How do I prove that if $L$ is sub-sequential limit of $a_{n_k}$ then $L$ is also sub-sequential limit of $a_n$? Could you please give me some hint how to solve this simple question: > Suppose $a_{n_k}$ is sub-sequence of $a_n$. Prove that if $L$ is sub-sequential limit of $a_{n_k}$ then $L$ is also sub-sequential limit of $a_n$. I know that if $L$ is sub-sequential limit of $a_{n_k}$, then there exist sub-sequence $a_{n_{k_m}}\to L$, therefore I need to construct some increasing sequence of indexes $n_s$ such as $a\in a_{n_s}$ if $a\in a_{n_{k_m}}$. But how to do this ? Thanks.
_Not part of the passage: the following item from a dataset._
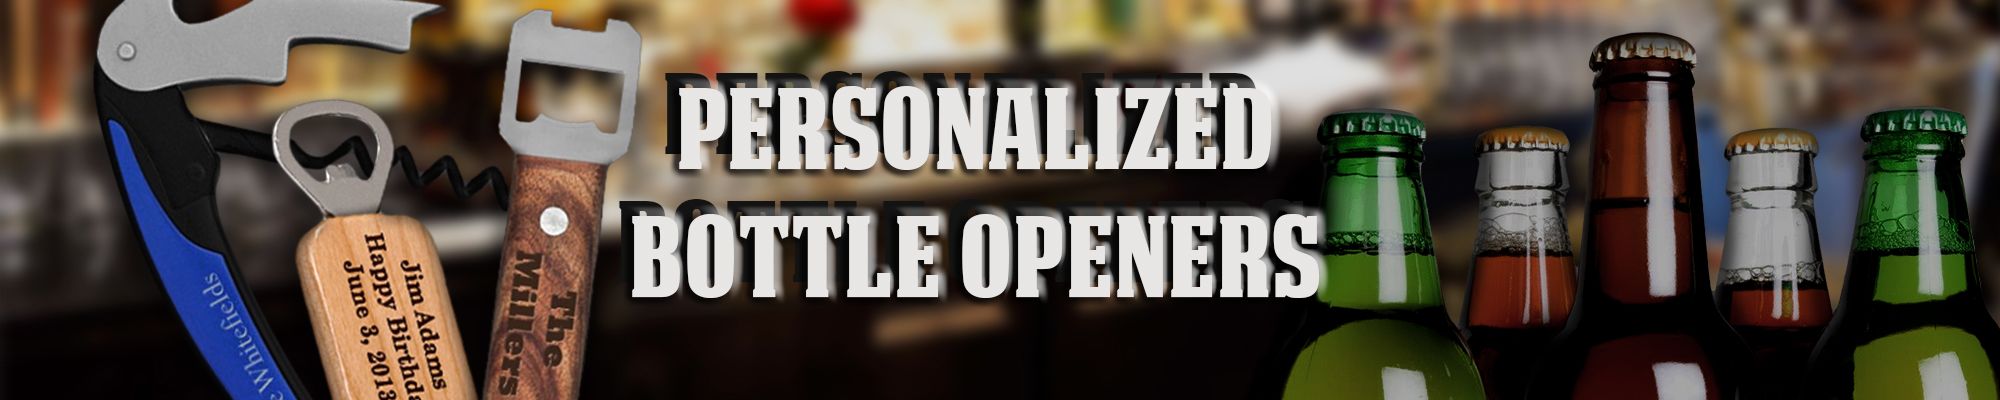 Personalized Bottle Openers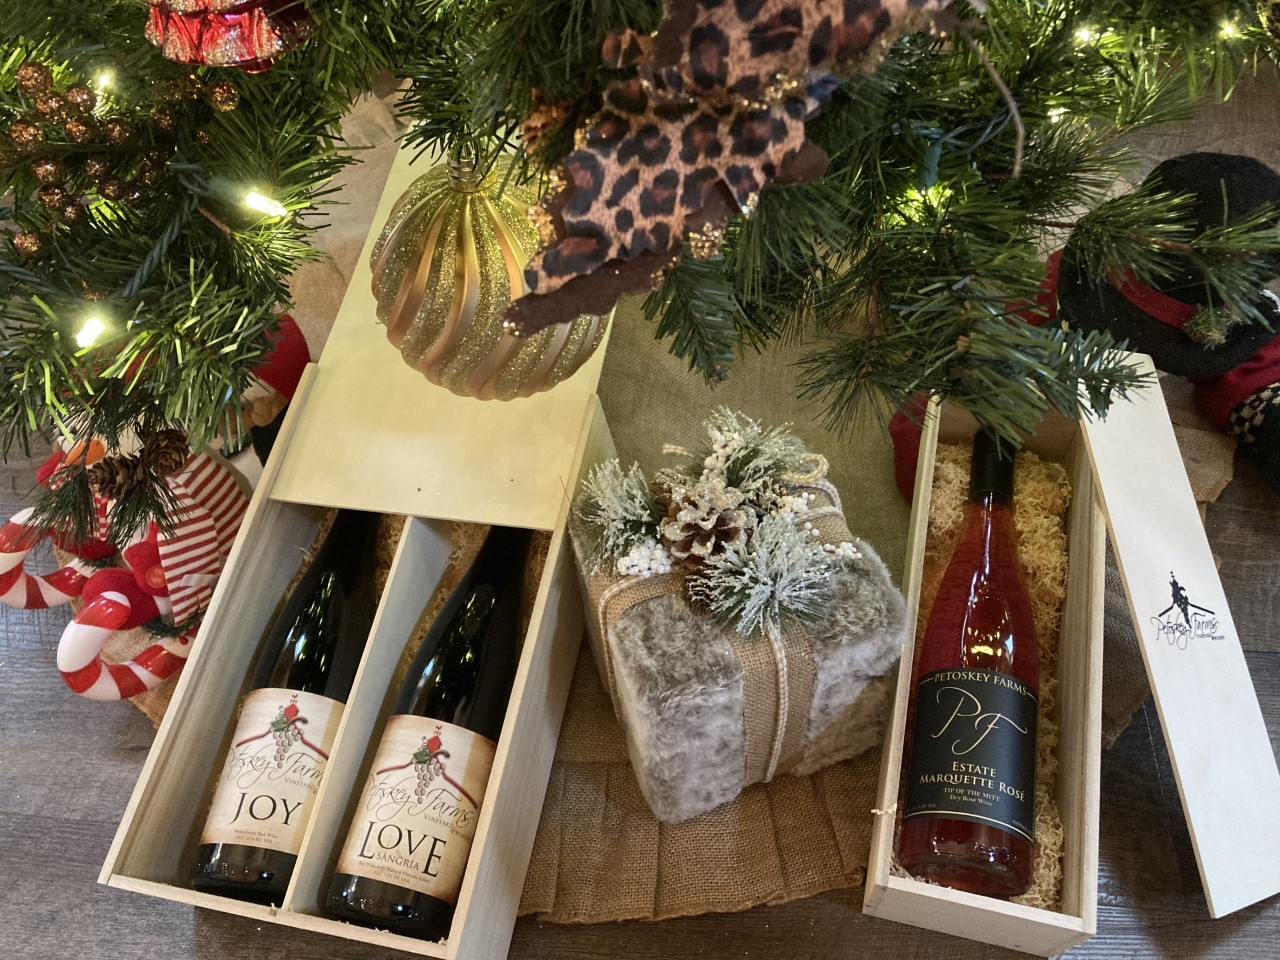 Wine bottles underneath the Christmas tree.

Let $(a_n)_{n\in I}$ be a sequence, and let $(a_{n_k})_{n_k\in J}$, for some subset $J\subseteq I$ of indices be a subsequence.

$L$ is a subsequential limit of $(a_{n_k})_{n_k\in J}$ if there exists a subsequence $(a_{n_{k_m}})_{n_{k_m}\in K}$ that converges to $L$. By the definition of a subsequence you have $K\subseteq J\subseteq I$ therefore $(a_{n_{k_m}})_{n_{k_m}\in K}$ is a subsequence of $(a_n)_{n\in I}$ that converges to $L$, and so $L$ is a subsequential limit of $(a_n)_{n\in I}$.

The general idea here is that "being a subsequence" is a transitive relation.